If you have a spare system around, use Symantech's Ghost to do a backup of your system if you don't trust FC1's upgrade support, or use partimage, or use ssh and dd to dump your disk to a remote system.

Have fun.
 
Old 02-01-2005, 09:24 AM   #3
halo14
Senior Member
 
Registered: Apr 2004
Location: Surprise, AZ
Distribution: Debian | CentOS | Arch
Posts: 1,103

Rep: Reputation: 45
I might recommend SuSE 9.2 Professional.. SuSE is an old distro.. one of the most polished.. and well supported.. especially since their acquisition by Novell.. I originally started with Red Hat.. but I soon moved to SuSE.. after getting confortable with linux.. I tried a ton ofdifferent distros... My all-tim favorite is Slackware.. which I assure you.. will be around for a long time to come.. but it's not "enterprise backed", though it is stable as a rock... I've recently moved to FreeBSD.. and an very pleased, to say the least.. Though if you're used to red hat, FreeBSD (and Slackware) might be a litle too difficult for you... SuSE is a very graphical, user friendly distro.. and I think you would be very pleased...It uses YaST for pretty much all systemmanagement tasks...Trying to eliminate command line interaction.. or the need for it anyways...

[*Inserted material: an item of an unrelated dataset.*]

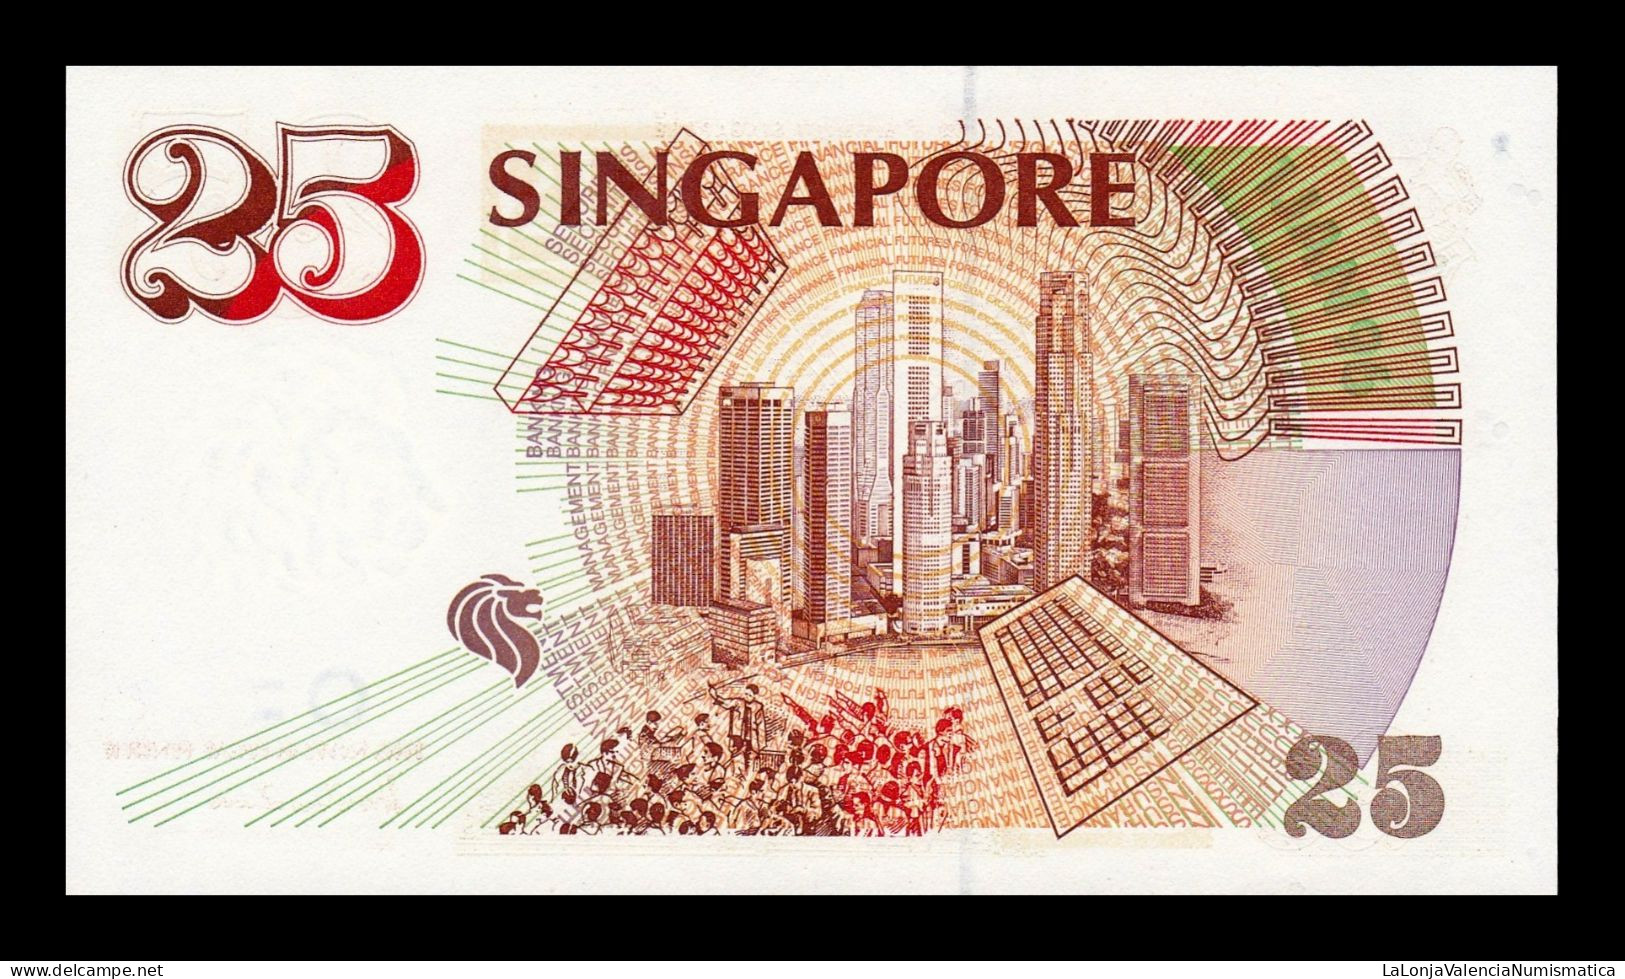 Singapur Singapore 25 Dollars Commemorative 1996 Pick 33 With Folder And Certificate Sc Unc - Singapour

FreeBSD and Slackware don't have any of these pretty graphical configuration tools.. it's all done by hand, using the text files... I actualy find this much better.. and easier to understand... Whatever you choose.. good luck...
 
Old 02-01-2005, 09:45 AM   #4
reddazz
Guru
 
Registered: Nov 2003
Location: N. E. England
Distribution: Fedora, CentOS, Debian
Posts: 16,298

Rep: Reputation: 73
You could try out CentOS, which is a clone of Redhat Enterprise Linux. Also if you are going to use Fedora, I don't recommend Fedora Core 1 as suggested in one of the posts above. The reason I say this is that in a year or so, you may find yourself with a distro that has vertually no support or updates, because even though Fedora Legacy do a good job of porviding security updates some people have complained that sometimes the updates are slow coming.